Furthermore, McDermott J., in his December 2016 judgment in the case of F.P. and the Information Commissioner [2014 No. 114 MCA] ("the F.P. case"), said that private as opposed to public interests were not a sufficient basis upon which to exercise the discretion in favour of the appellant under the relevant public interest test in that case. He also said that "the ‘public interest’ in granting access is not to be determined on the basis of the appellant’s personal circumstances or desire to explore or pursue civil proceedings or criminal complaints.”
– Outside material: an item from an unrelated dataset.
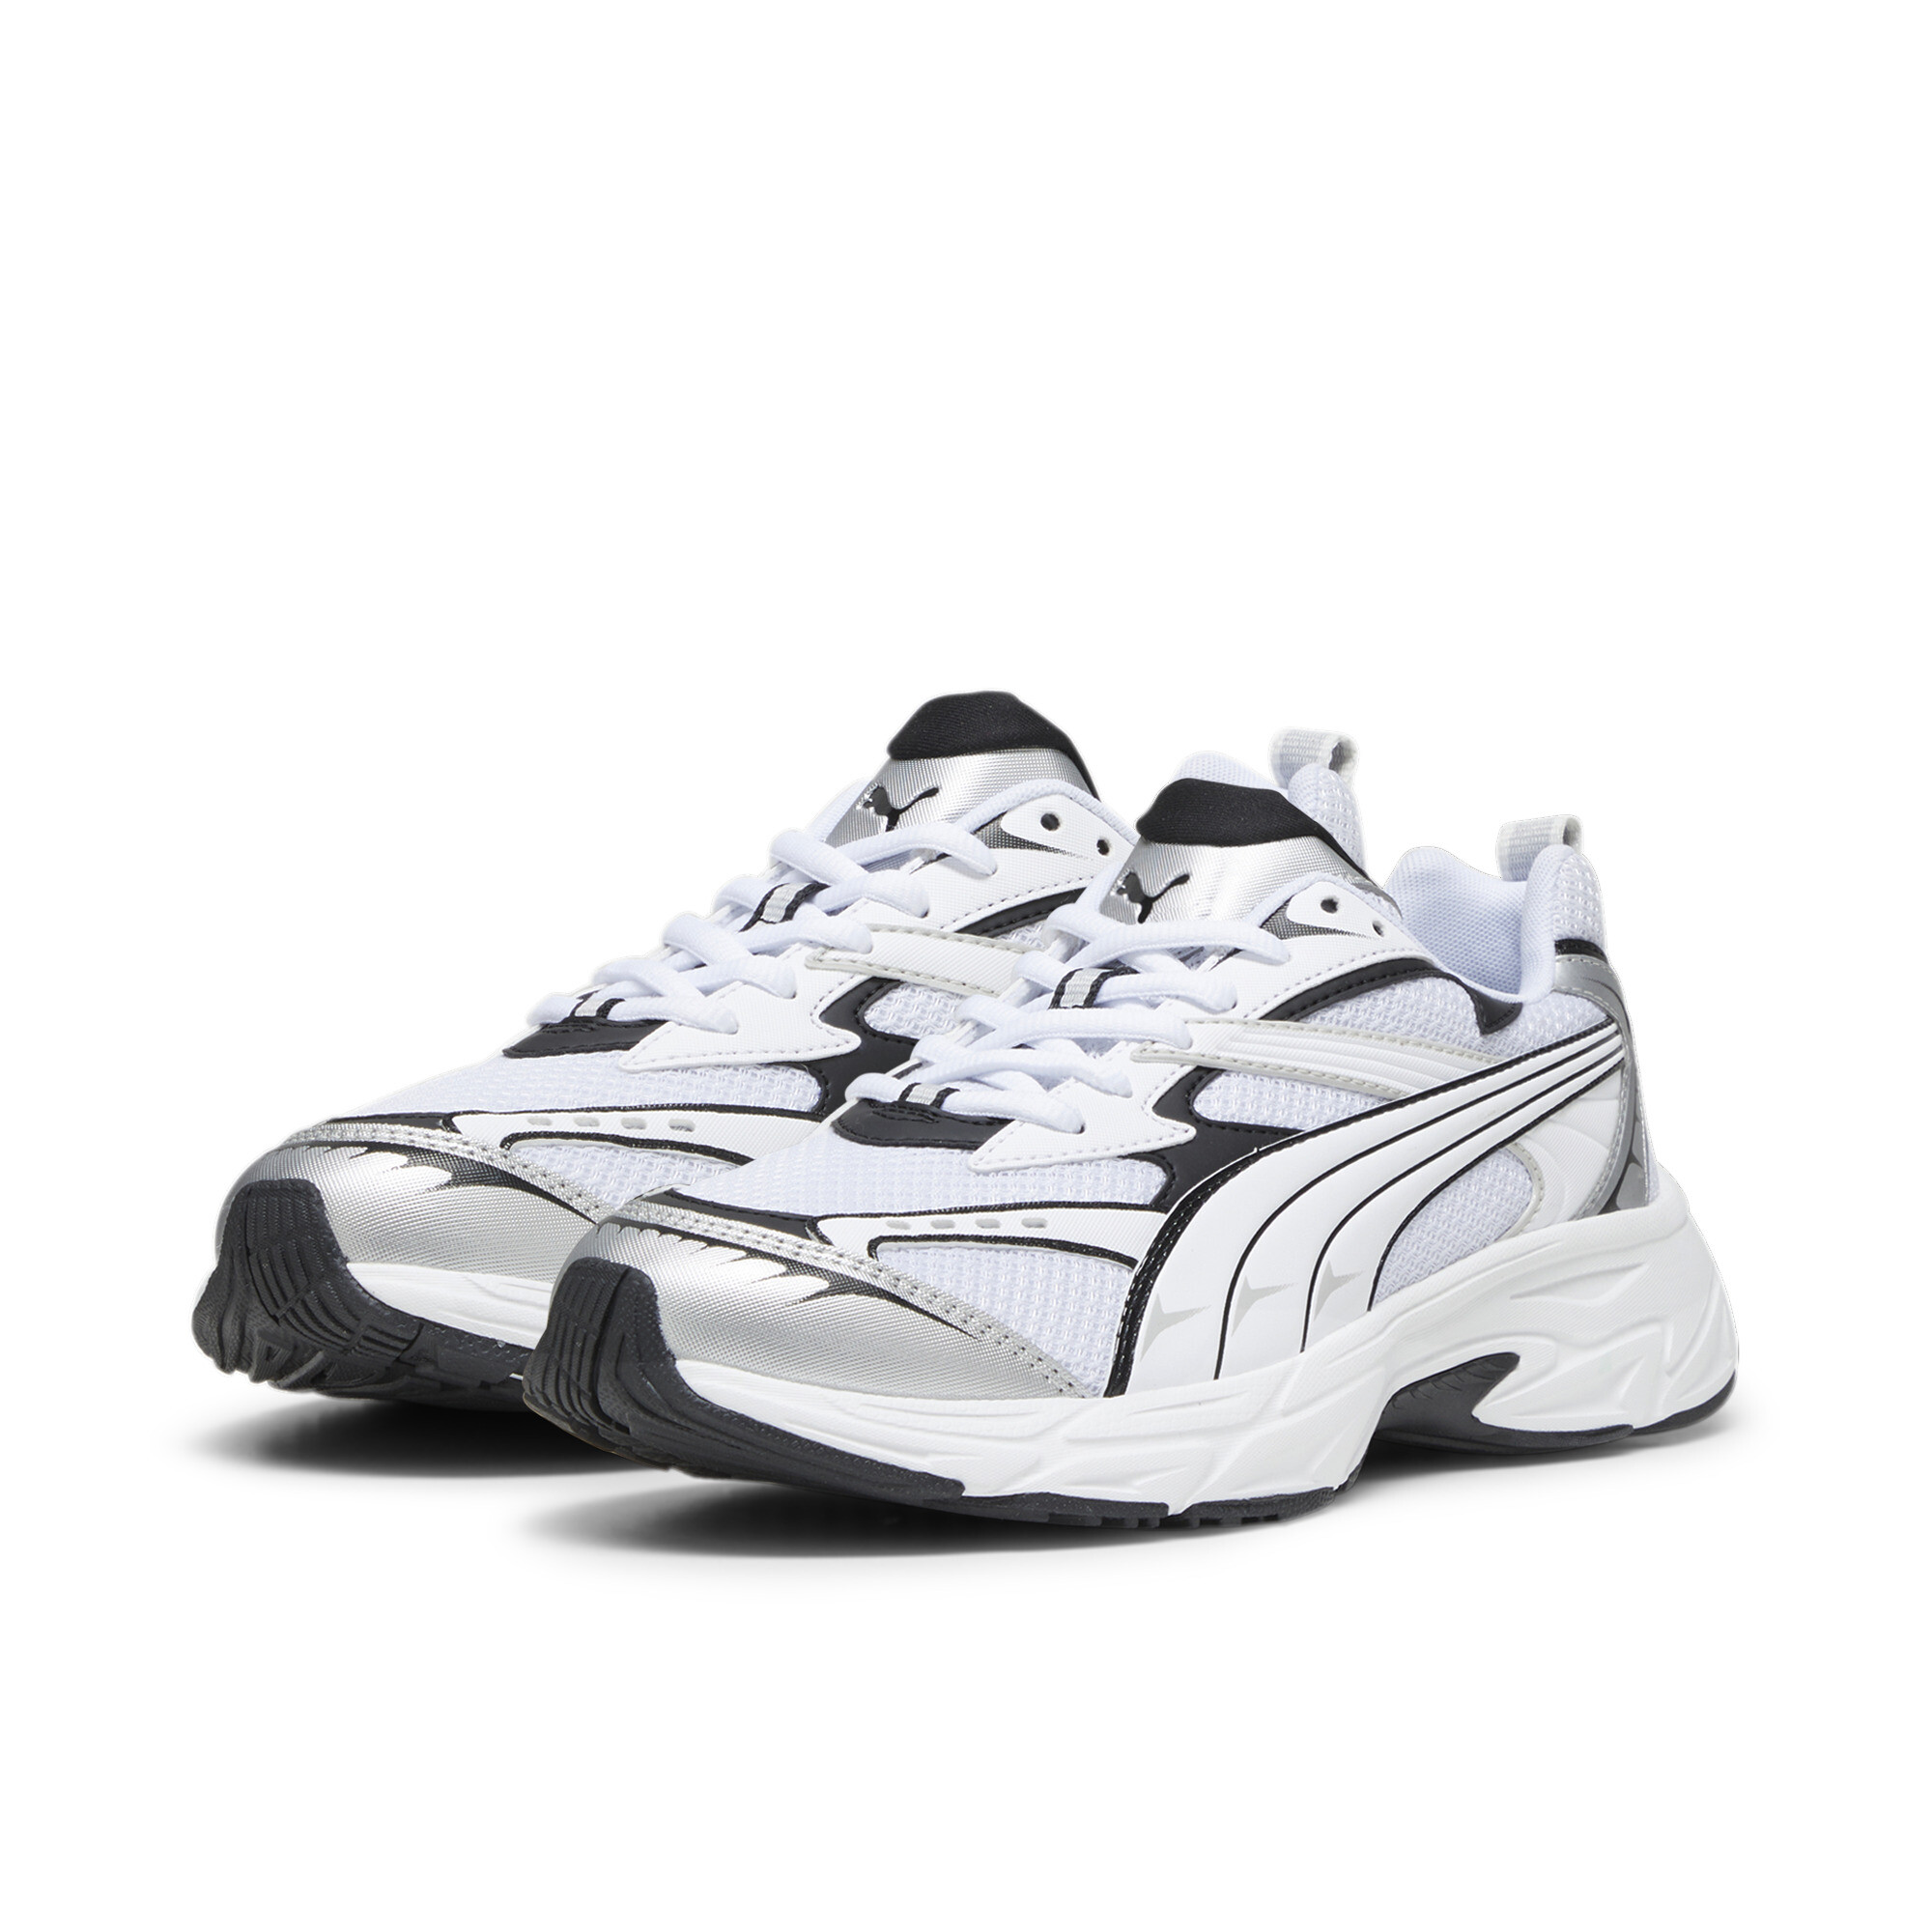 Men's PUMA Morphic Base Sneakers In Gray, Size EU 40

It follows from the above that I cannot take into account any private interests that the applicant may have in the grant of access to the withheld information. Furthermore, it is clear from McDermott J.'s comments, that any argument the applicant may make to the effect that her dissatisfaction with TUSLA's actions weighs in favour of granting access to the records, is not relevant to my consideration of the public interest. I should also make it clear that I have no remit to consider, or make findings on, the adequacy of the actions of any FOI body.
The FOI Act recognises a public interest in ensuring the openness and accountability regarding how FOI bodies perform their functions. In the case at hand, there is a public interest in establishing that TUSLA carried out its functions in dealing with the applicant in a way that was consistent with the principles of natural and constitutional justice. I consider this public interest to be entitled to significant weight when the constitutional rights of individuals may be affected by the actions of public bodies. It has been served to served to some extent by the records and parts of records granted to date. However, I am not satisfied that it would be significantly furthered by directing that access be granted to the remaining withheld information.
On the other hand, both the language of section 37 and the Long Title to the FOI Act recognise a very strong public interest in protecting the right to privacy (which has a Constitutional dimension, as one of the un-enumerated personal rights under the Constitution). It is also relevant that the release of a record under the FOI Act is understood, effectively, to be equivalent to its release to the world at large. Given the context in which the records in this case were created, and the sensitive nature of the withheld personal information, I am satisfied that the grant of access to the records would significantly breach the rights to privacy of the various third parties whose personal information is at issue.
Having considered the weight of the competing public interests, I find that the public interest in favour of granting access to the withheld information does not outweigh the public interest that the right to privacy of the third parties should be upheld.
In the circumstances, there is no need for me to consider TUSLA's application of section 41 to some of the records.
Having carried out a review under section 22(2) of the FOI Act, I hereby affirm TUSLA's refusal to fully grant the applicant's request under sections 15(1)(a), 15(2) and 37(1) of the FOI Act.
Section 24 of the FOI Act sets out detailed provisions for an appeal to the High Court by a party to a review, or any other person affected by the decision. In summary, such an appeal, normally on a point of law, must be initiated not later than four weeks after notice of the decision was given to the person bringing the appeal.